Exercise aim:
After finding the line with "Heath Ledger Best Quotes by Heath Ledger", restate it and each remaining line of the material word for word, omitting every picture.

Dataset excerpt:
################

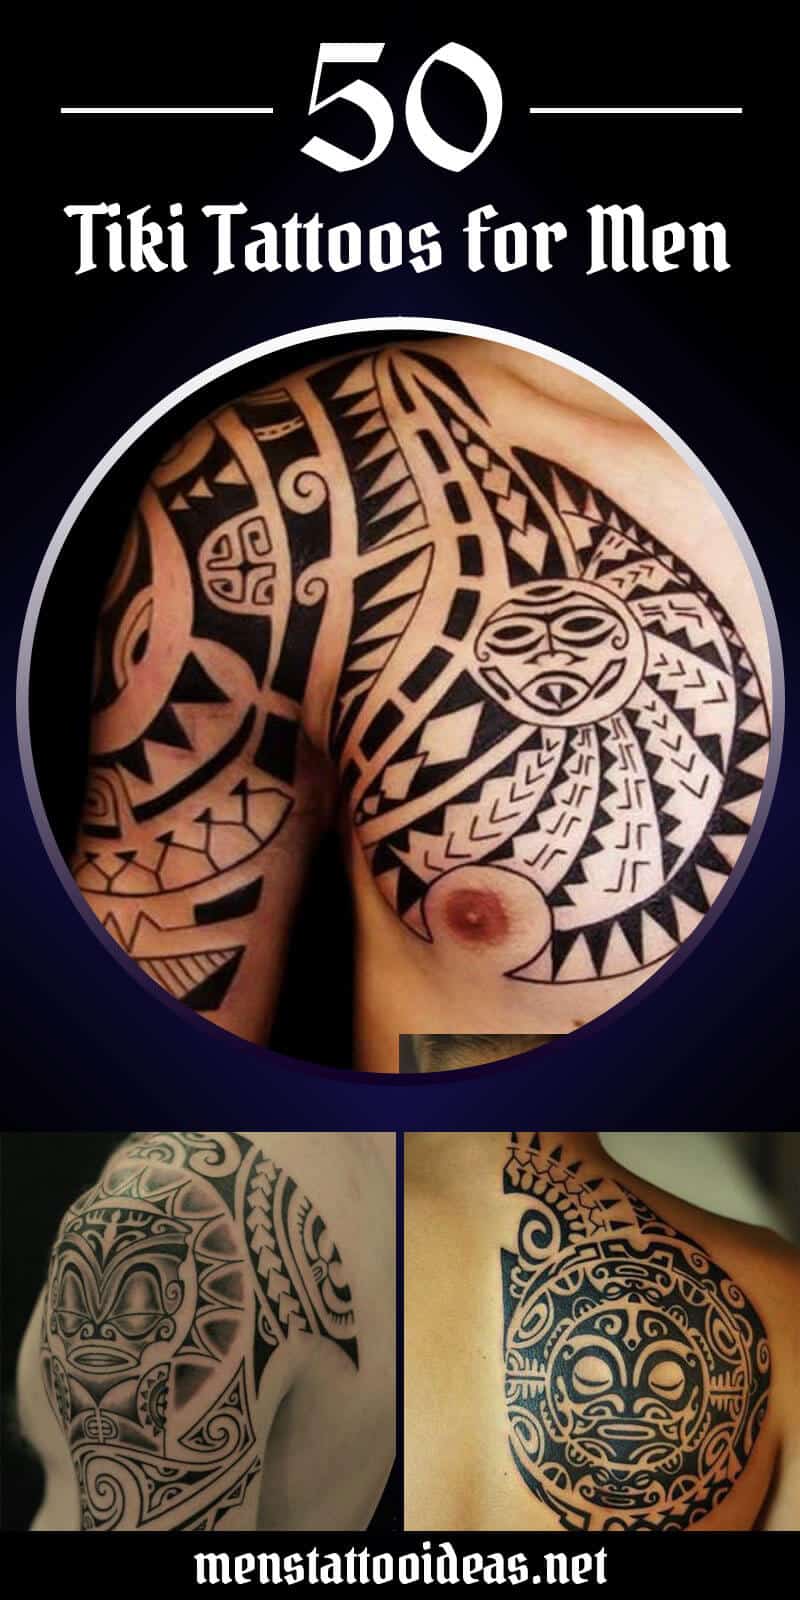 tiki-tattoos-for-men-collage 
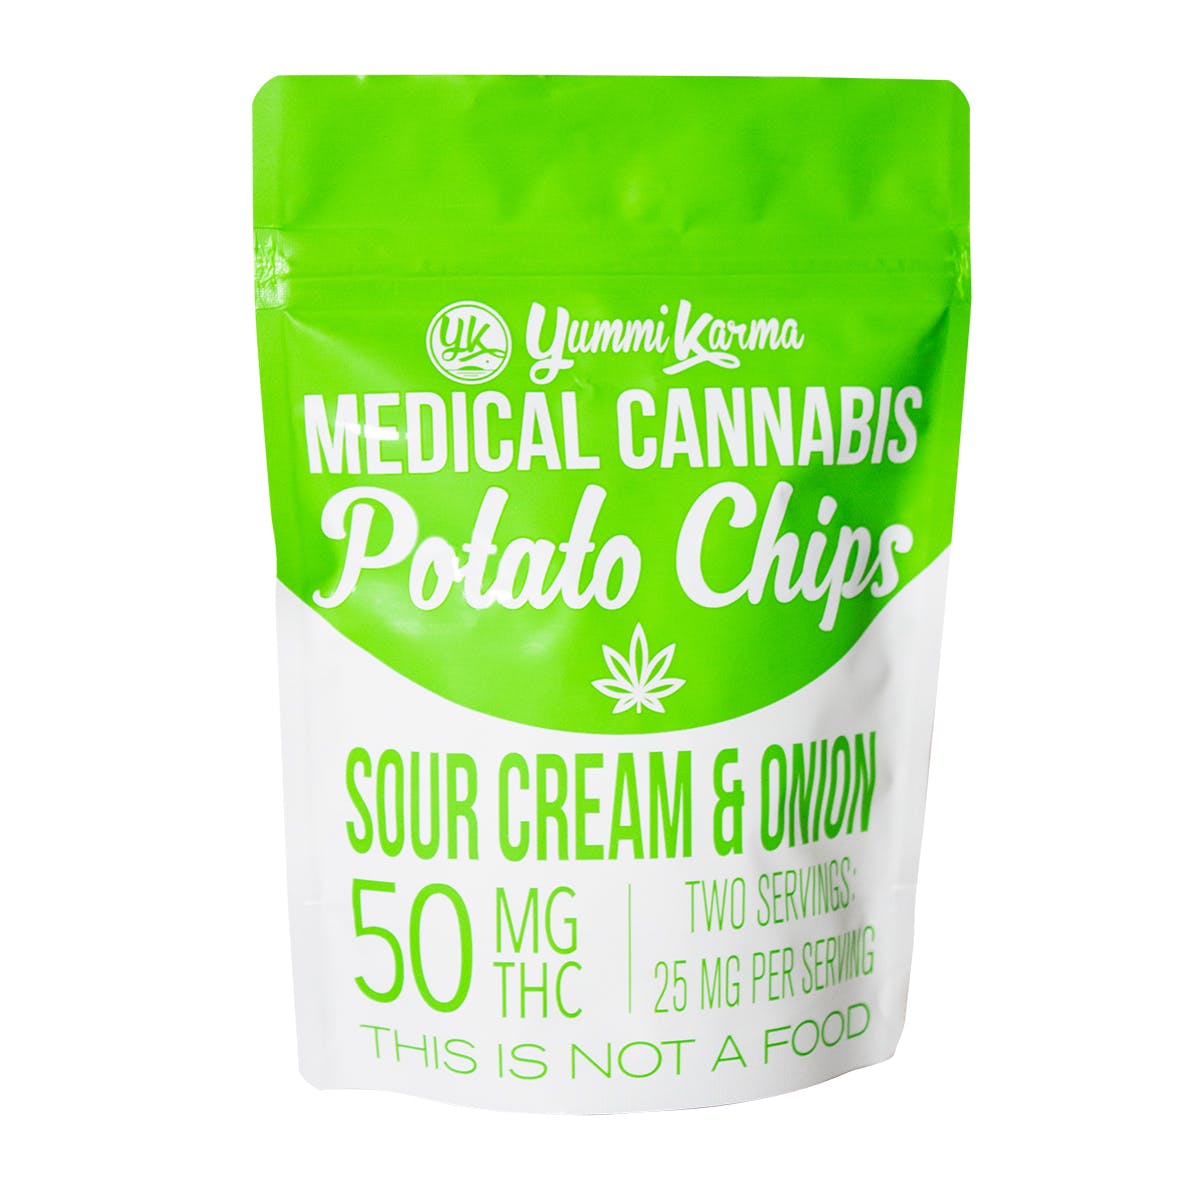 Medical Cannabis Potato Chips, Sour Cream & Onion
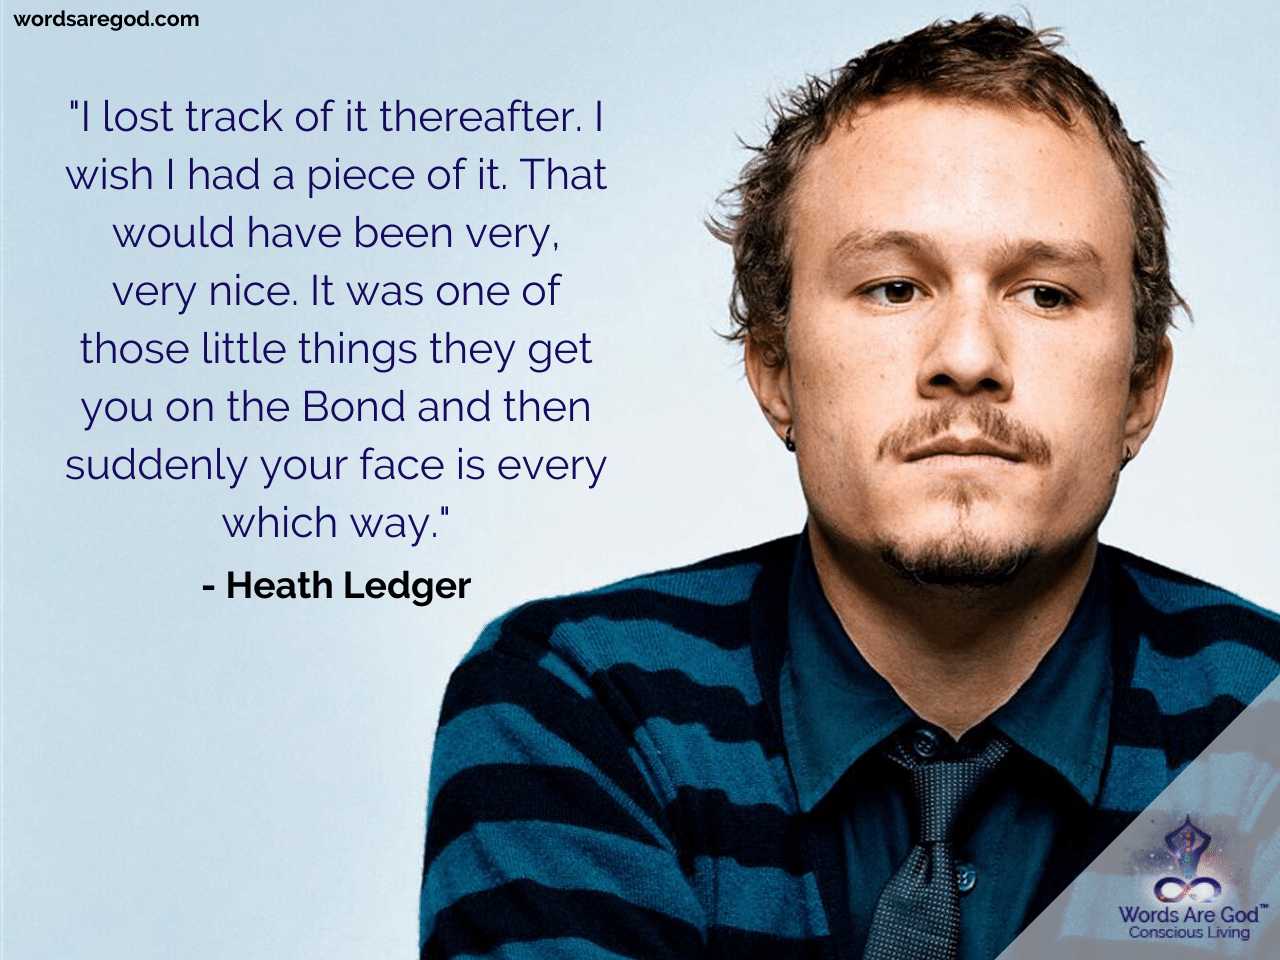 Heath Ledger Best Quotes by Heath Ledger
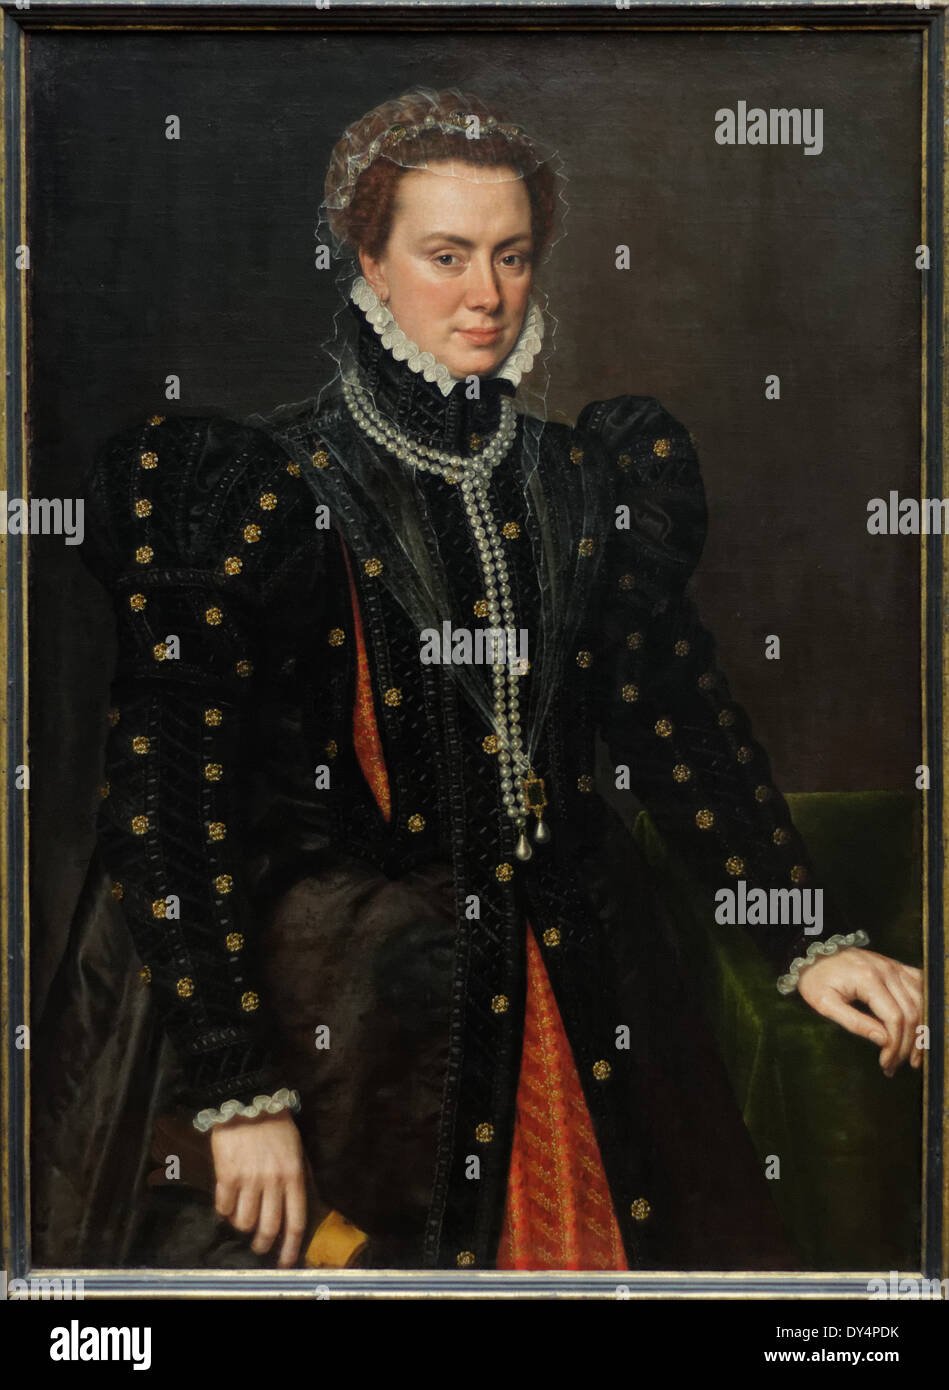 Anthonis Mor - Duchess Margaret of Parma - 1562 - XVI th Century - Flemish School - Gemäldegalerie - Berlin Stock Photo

################

Solution for this problem:
 Heath Ledger Best Quotes by Heath Ledger
 Anthonis Mor - Duchess Margaret of Parma - 1562 - XVI th Century - Flemish School - Gemäldegalerie - Berlin Stock Photo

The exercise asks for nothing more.